I need to do a long thread 2.6 inches on 1/4 O1. I decided I need a follow rest to cut it correctly, and evenly.  The SB is drilled on the right. I want to build a follow rest on the left where the threading is occurring. Any reason I should not drill OR put the follow rest on the left?
Looking to do it tomorrow, so looking for some quick opinions.

Thanks.


----------



## Shootymacshootface (Mar 12, 2022)

Also interested.


----------



## mickri (Mar 13, 2022)

My limited experience with a follow rest is that you want the rest lined up as close as you can with the tool bit.  I don't think that it matters if it is to the left or right side of the tool post.  If they are off by even a couple of inches the work will bend.   That was  my experience turning a 15" long .75 OD stainless steel.


----------



## rabler (Mar 13, 2022)

Not familiar with SB’s in particular, but it seems to me that L vs R follow rest is just a matter of clearance working by the chuck vs tailstock


----------



## SLK001 (Mar 13, 2022)

The follower rest minimizes the lift from cutting on a long, thin object.  Since the lift will be identical on the left or the right, the user will have to decide on if he needs the most clearance on the headstock end (so mount on the right side) or if he needs the most clearance on the tailstock end (so mount on the left side).  Personally, I would stick with what was provide, since the SB follower is offset to the left for right side mounting.  If you have a follower (from most likely another manufacturer) that is offset to the right, then you probably should mount it from the left.


----------



## jcp (Mar 13, 2022)

I did a 8mm x 1.0p x 10" thread a week ago on my 9A. Used the standard follow rest position but could not get the compound/tool post (AXA post) in position just behind the steady. I ended up using my original lantern post with an Armstrong 0R holder to be able to set the compound to 29 degrees and get the cutting tool in the proper position to the tail stock side of the follow rest. Worked out great with that setup.


----------



## woodchucker (Mar 13, 2022)

SLK001 said:


> The follower rest minimizes the lift from cutting on a long, thin object.  Since the lift will be identical on the left or the right, the user will have to decide on if he needs the most clearance on the headstock end (so mount on the right side) or if he needs the most clearance on the tailstock end (so mount on the left side).  Personally, I would stick with what was provide, since the SB follower is offset to the left for right side mounting.  If you have a follower (from most likely another manufacturer) that is offset to the right, then you probably should mount it from the left.

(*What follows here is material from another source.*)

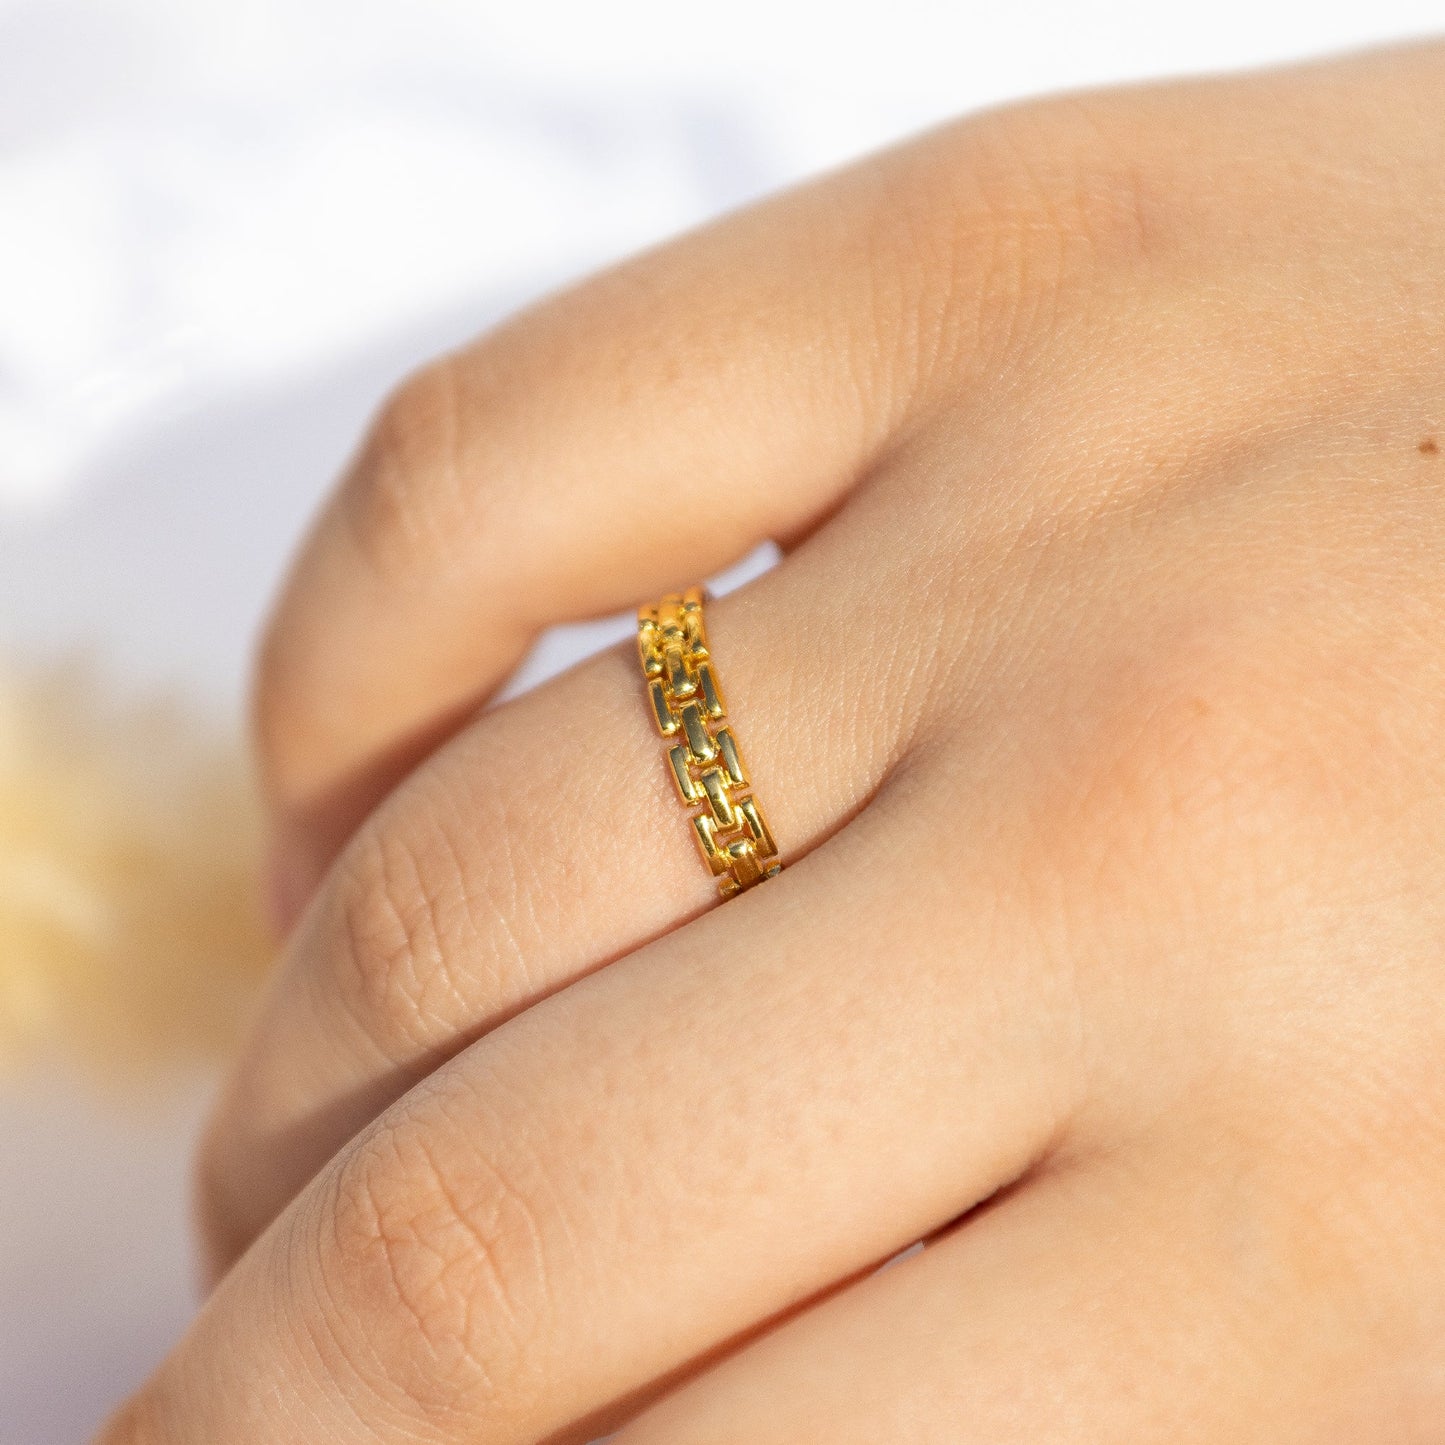 18k vergoldeter Ring Vintage Style Verstellbar - NONOSH

I am making a follower for my immediate needs.


----------



## woodchucker (Mar 13, 2022)

jcp said:


> I did a 8mm x 1.0p x 10" thread a week ago on my 9A. Used the standard follow rest position but could not get the compound/tool post (AXA post) in position just behind the steady. I ended up using my original lantern post with an Armstrong 0R holder to be able to set the compound to 29 degrees and get the cutting tool in the proper position to the tail stock side of the follow rest. Worked out great with that setup.


That's the problem with the original.  I need the cutter and support lined up because of the size of the rod, and a normal center won't fit close if it's behind the travel.  your 8mm is close to my 1/4 inch. So you understand.


----------



## benmychree (Mar 13, 2022)

jcp said:


> I did a 8mm x 1.0p x 10" thread a week ago on my 9A. Used the standard follow rest position but could not get the compound/tool post (AXA post) in position just behind the steady. I ended up using my original lantern post with an Armstrong 0R holder to be able to set the compound to 29 degrees and get the cutting tool in the proper position to the tail stock side of the follow rest. Worked out great with that setup.

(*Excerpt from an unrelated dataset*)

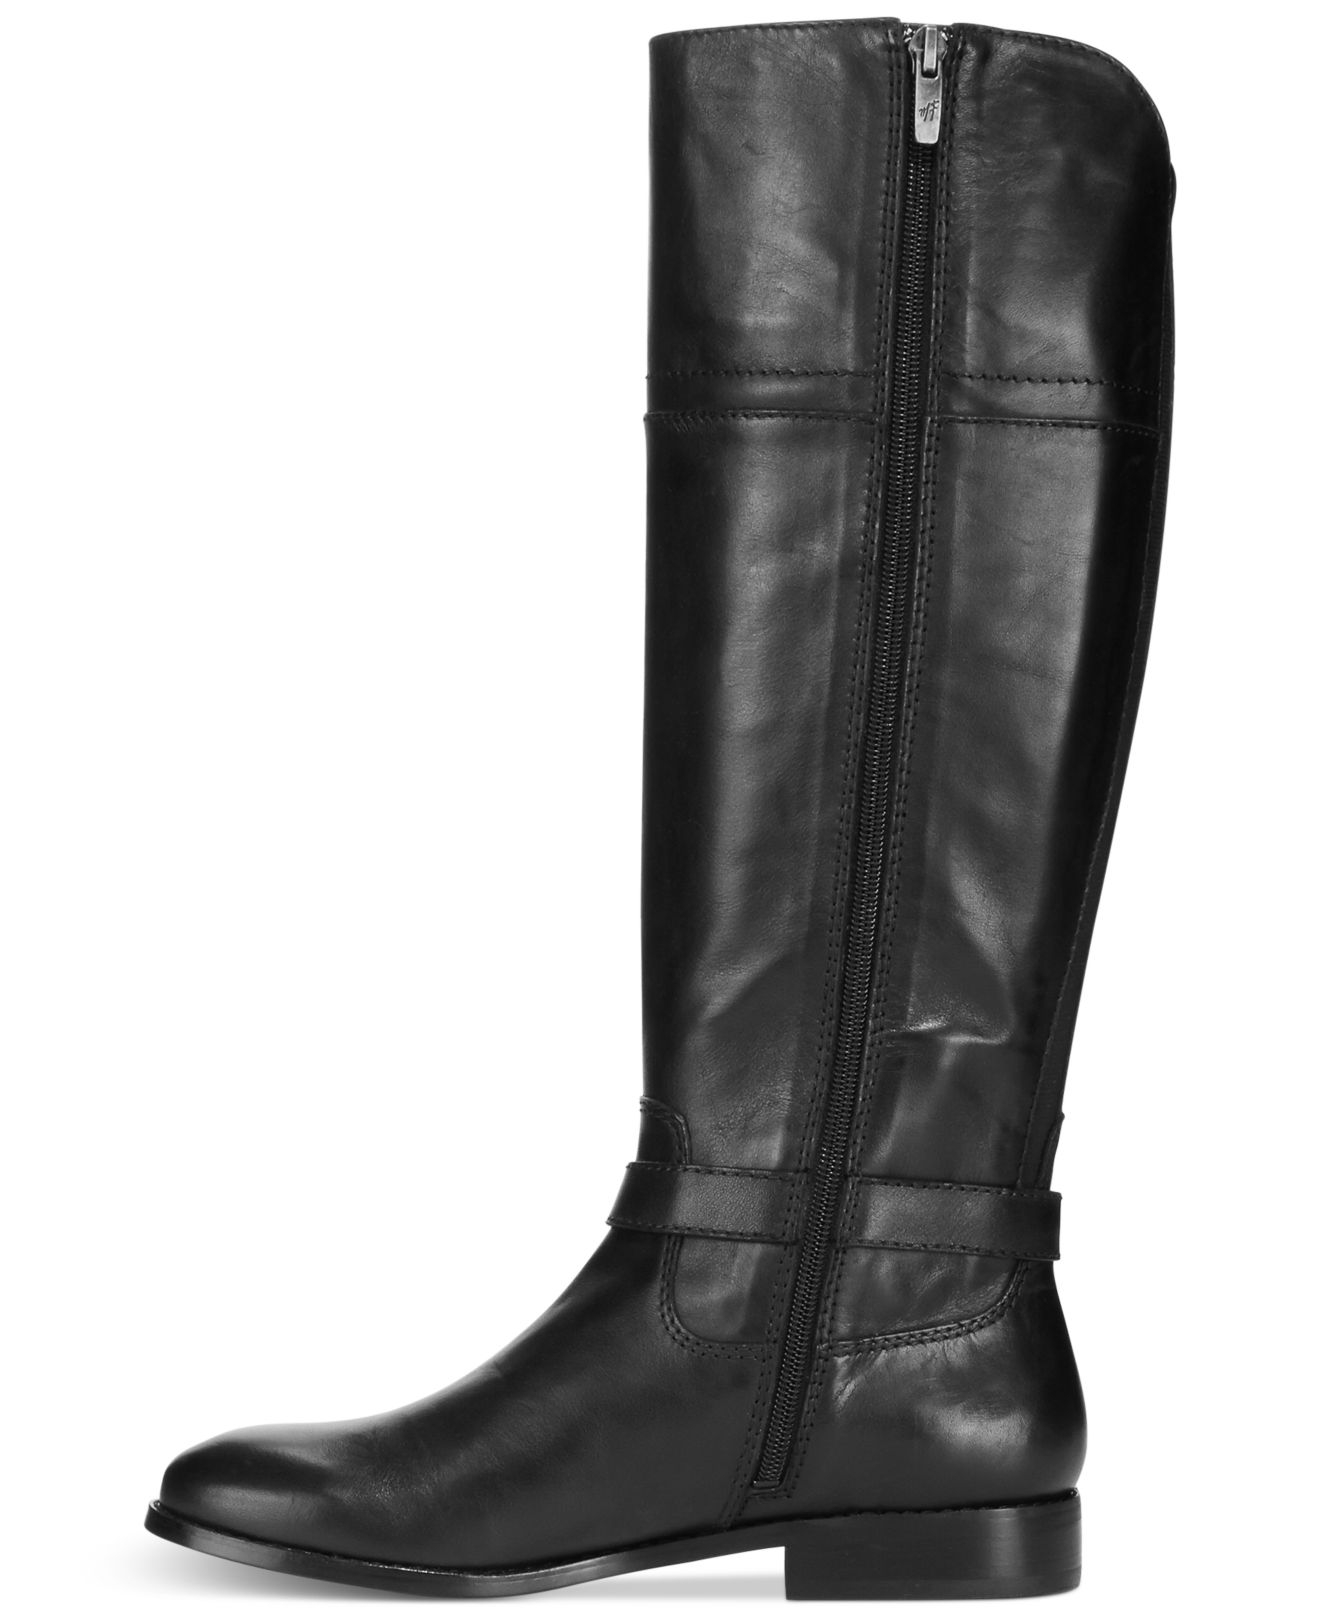 Lyst - Marc Fisher Aysha Tall Riding Boots in Black

That works well, but you can also just turn the QC tool holder around so that one of the dovetails face to the right to mount the tool right under the FR jaw or very near to it, this does make the locking handle sit in an inconvenient location, but I just remove it temporarily.


----------



## mattthemuppet2 (Mar 13, 2022)

I did that before I reassembled my wide 9. Can't remember if I used the drill press or did it by hand, but I carefully lined up the drill in the existing holes and drilled through from the tailstock side, then tapped for the same thread (1/4-20?) from the headstock side. Haven't used my follow rest yet, so couldn't offer an opinion, just figured it was worth doing while I had everything apart.


----------



## woodchucker (Mar 13, 2022)

benmychree said:


> That works well, but you can also just turn the QC tool holder around so that one of the dovetails face to the right to mount the tool right under the FR jaw or very near to it, this does make the locking handle sit in an inconvenient location, but I just remove it temporarily.


well, since I don't have a follow rest, making one to do that , vs putting it where it works is what I was tossing around.
John, do you see any reason not to move it to the left side?


----------



## jcp (Mar 13, 2022)

benmychree said:


> That works well, but you can also just turn the QC tool holder around so that one of the dovetails face to the right to mount the tool right under the FR jaw or very near to it, this does make the locking handle sit in an inconvenient location, but I just remove it temporarily.


That was the first option I tried. I was stymied by the available material length. When rigged out as you suggest there was insufficient clearance of the tool post and the chuck jaws to get the necessary length of thread.


----------



## woodchucker (Mar 15, 2022)

Well I did it. I drilled the carriage. I only had one good 3/4 end mill, my 7/8 does not fit my ER32 collets so I went with that. I created 2 flats because of the tapered casting, then drill for 5/16 - 18.. same as the right side.  Then I went about cutting up a 6061 sheet of 1/4 aluminum that I have. The Jig saw blade galled up even with WD40, probably too host.. I couldn't use my circ saw in the basement, I have some woodworking projects that I can't splatter.. So small milwaukee band saw, that unfortunately does not have enough throat for large cuts, so I did small cuts and brazed the aluminum together.


----------



## woodchucker (Mar 15, 2022)




----------



## jcp (Mar 15, 2022)

Looks good to me. You got where you wanted to go….that’s what matters.


----------



## woodchucker (Mar 15, 2022)

Yep, It's going to get the screws done for the customer. Unfortunately, it was more work than I though it would be.  I really need a better way to cut this 4 foot by 2
	

		
			
		

		
	



	

		
			
		

		
	
 foot piece of Aluminum without splattering the entire basement with aluminum chips.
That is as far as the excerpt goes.